* EXERCISE AIM *
In the records below, the lines between the one holding "Black Veil Brides, a" and the one holding "MIKEs DAILY PODCAST 1097 Huntsville Alabama", inclusive, are to be transcribed exactly; no pictures are to be included.
TASK INPUTS Start Marker
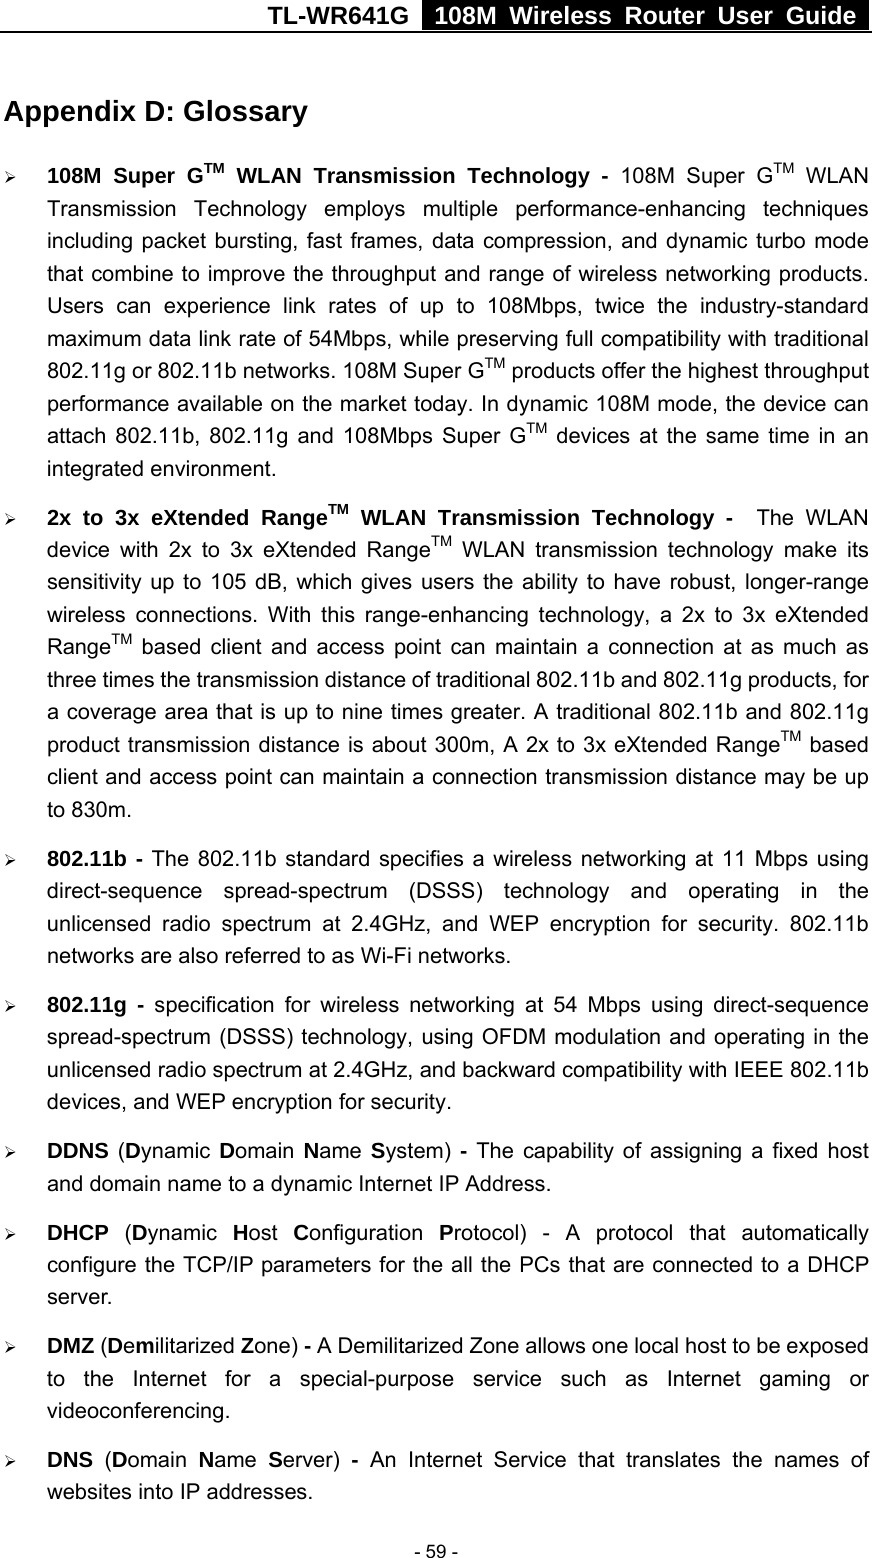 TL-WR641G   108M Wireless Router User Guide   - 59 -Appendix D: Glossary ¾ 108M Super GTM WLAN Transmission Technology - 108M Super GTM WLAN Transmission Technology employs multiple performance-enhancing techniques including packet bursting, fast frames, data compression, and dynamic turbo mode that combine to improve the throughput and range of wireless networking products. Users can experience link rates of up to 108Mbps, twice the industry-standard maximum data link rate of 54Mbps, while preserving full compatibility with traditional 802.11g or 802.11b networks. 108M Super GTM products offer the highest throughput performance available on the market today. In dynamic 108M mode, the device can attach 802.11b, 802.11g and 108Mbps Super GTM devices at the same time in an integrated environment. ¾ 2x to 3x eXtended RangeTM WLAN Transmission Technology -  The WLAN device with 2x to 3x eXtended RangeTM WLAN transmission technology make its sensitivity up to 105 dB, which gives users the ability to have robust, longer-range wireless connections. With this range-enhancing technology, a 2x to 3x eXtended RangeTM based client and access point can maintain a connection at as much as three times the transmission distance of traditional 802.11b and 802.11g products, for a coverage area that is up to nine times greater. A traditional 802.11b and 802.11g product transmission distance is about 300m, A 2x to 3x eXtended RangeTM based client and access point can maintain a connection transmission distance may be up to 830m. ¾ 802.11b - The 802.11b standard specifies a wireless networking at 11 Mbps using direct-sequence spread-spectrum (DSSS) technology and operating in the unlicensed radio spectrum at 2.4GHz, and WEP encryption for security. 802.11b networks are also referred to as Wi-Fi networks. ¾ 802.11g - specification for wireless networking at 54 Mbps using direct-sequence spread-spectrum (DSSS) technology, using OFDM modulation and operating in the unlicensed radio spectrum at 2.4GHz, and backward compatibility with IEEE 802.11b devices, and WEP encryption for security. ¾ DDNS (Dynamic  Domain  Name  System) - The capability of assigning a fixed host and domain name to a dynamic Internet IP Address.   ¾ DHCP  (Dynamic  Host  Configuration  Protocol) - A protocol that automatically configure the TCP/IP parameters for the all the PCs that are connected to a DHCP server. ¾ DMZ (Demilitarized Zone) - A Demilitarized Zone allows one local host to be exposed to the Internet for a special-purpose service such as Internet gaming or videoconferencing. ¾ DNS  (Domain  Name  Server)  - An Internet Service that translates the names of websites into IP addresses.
TASK INPUTS End Marker
TASK INPUTS Start Marker
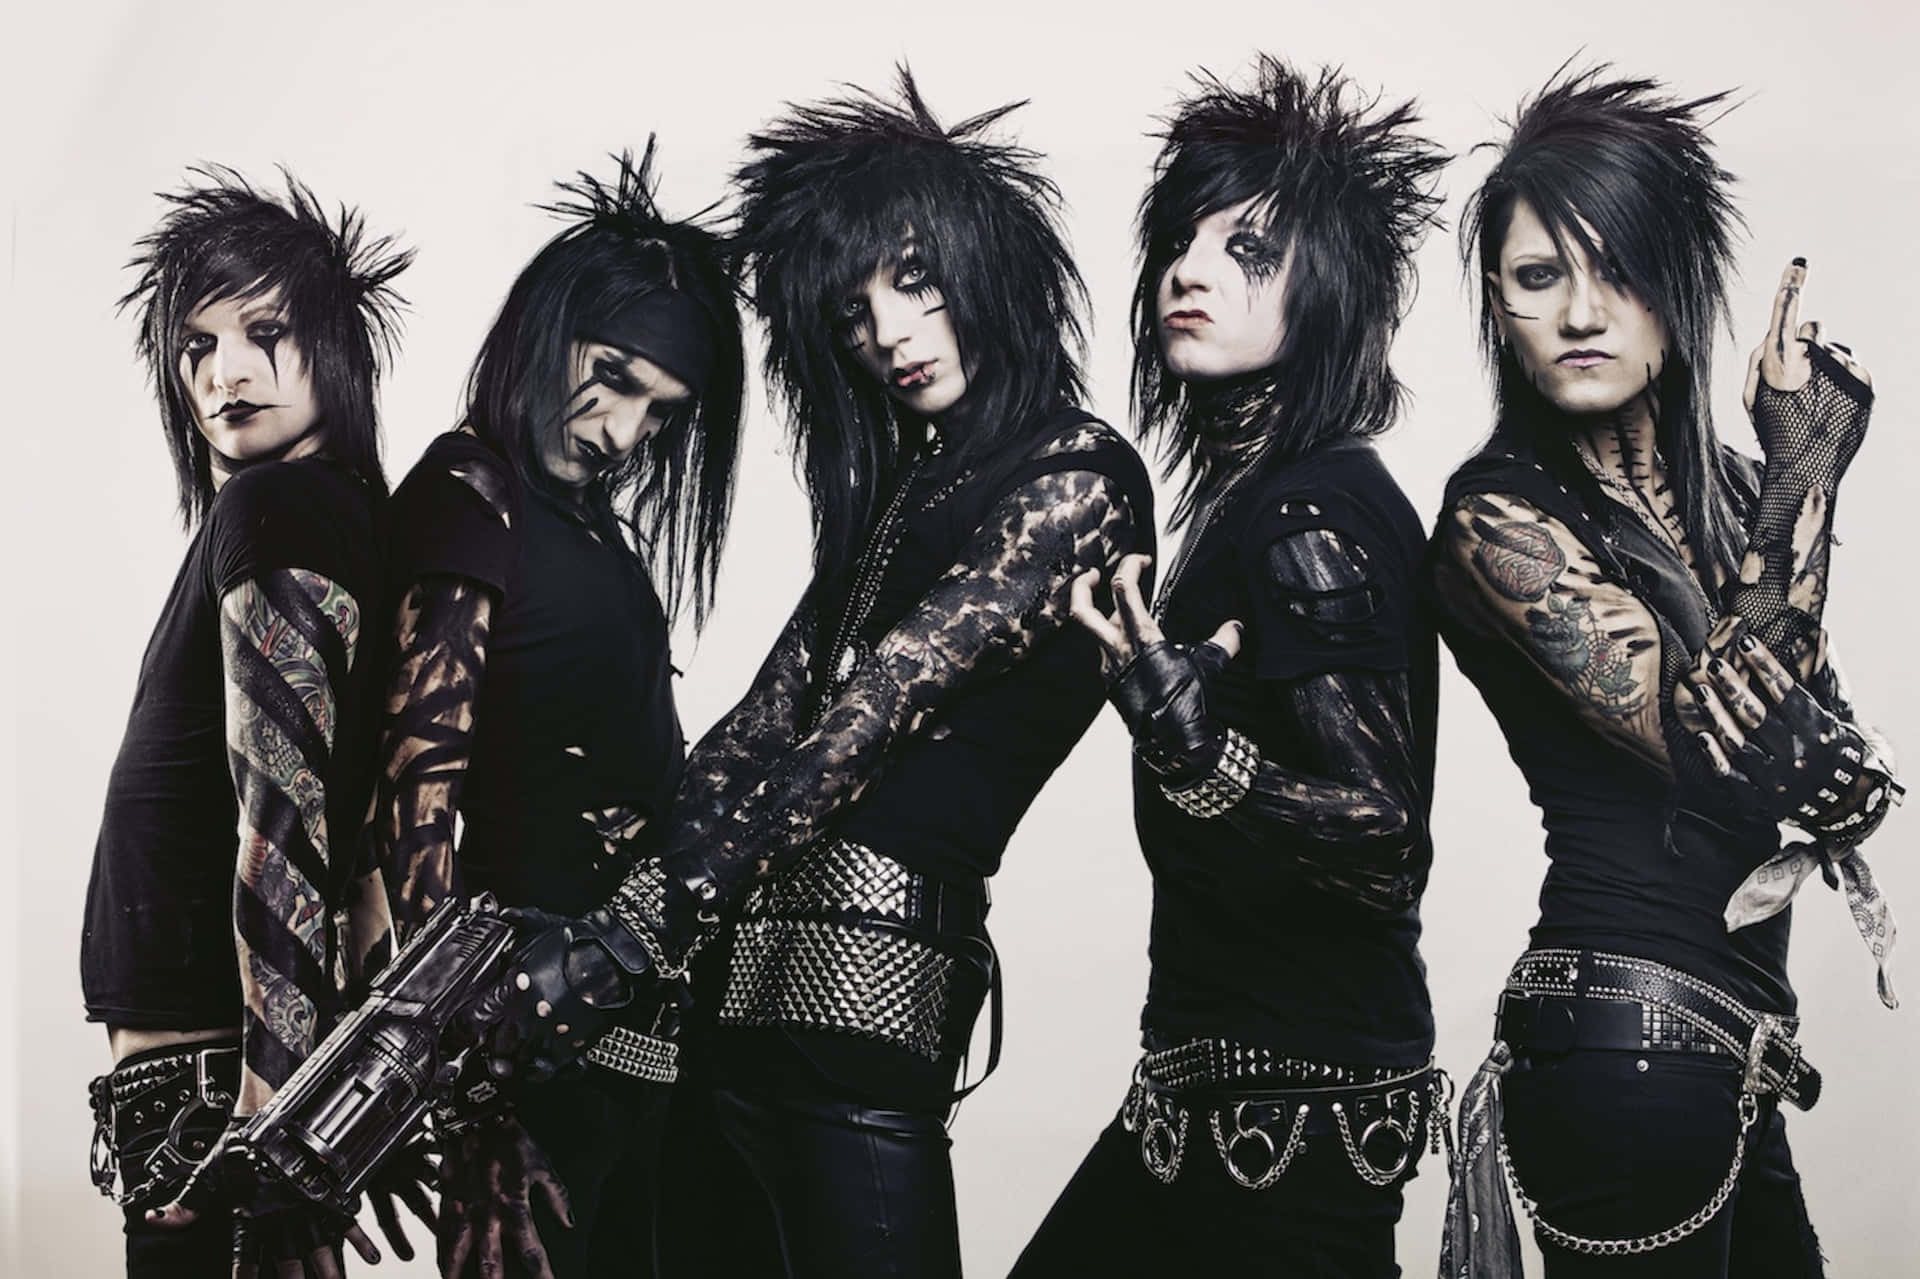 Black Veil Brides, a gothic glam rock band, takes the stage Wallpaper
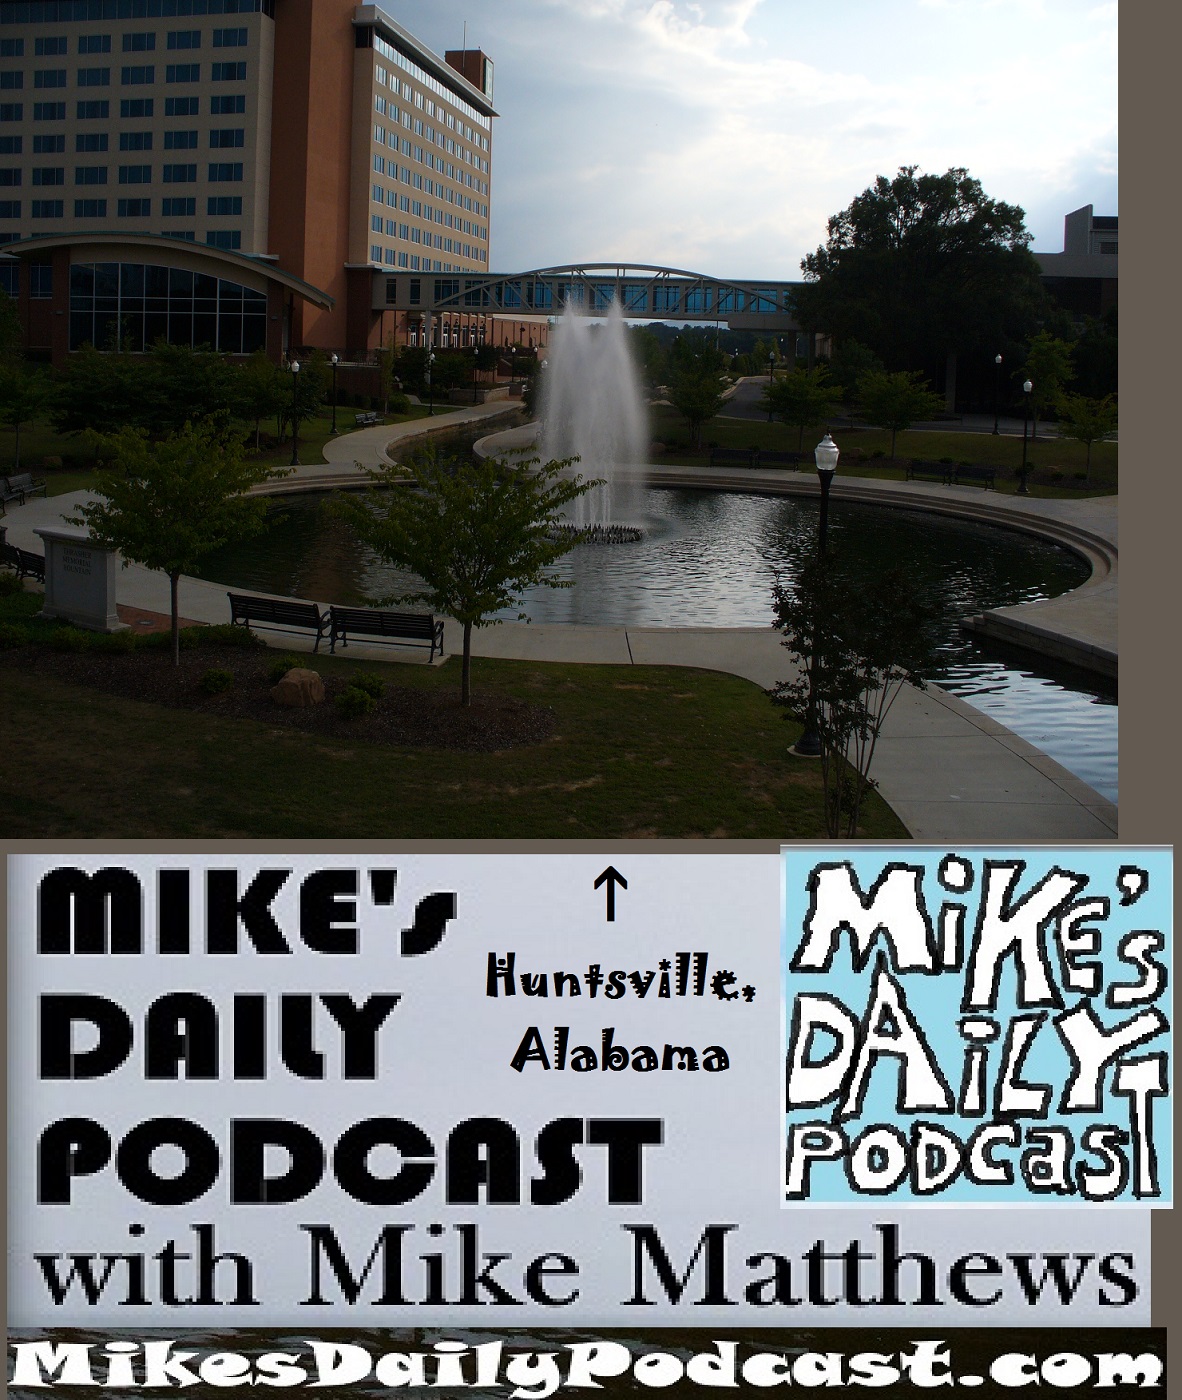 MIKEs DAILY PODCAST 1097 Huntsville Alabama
TASK INPUTS End Marker
* RESULT BELOW *
 Black Veil Brides, a gothic glam rock band, takes the stage Wallpaper
 MIKEs DAILY PODCAST 1097 Huntsville Alabama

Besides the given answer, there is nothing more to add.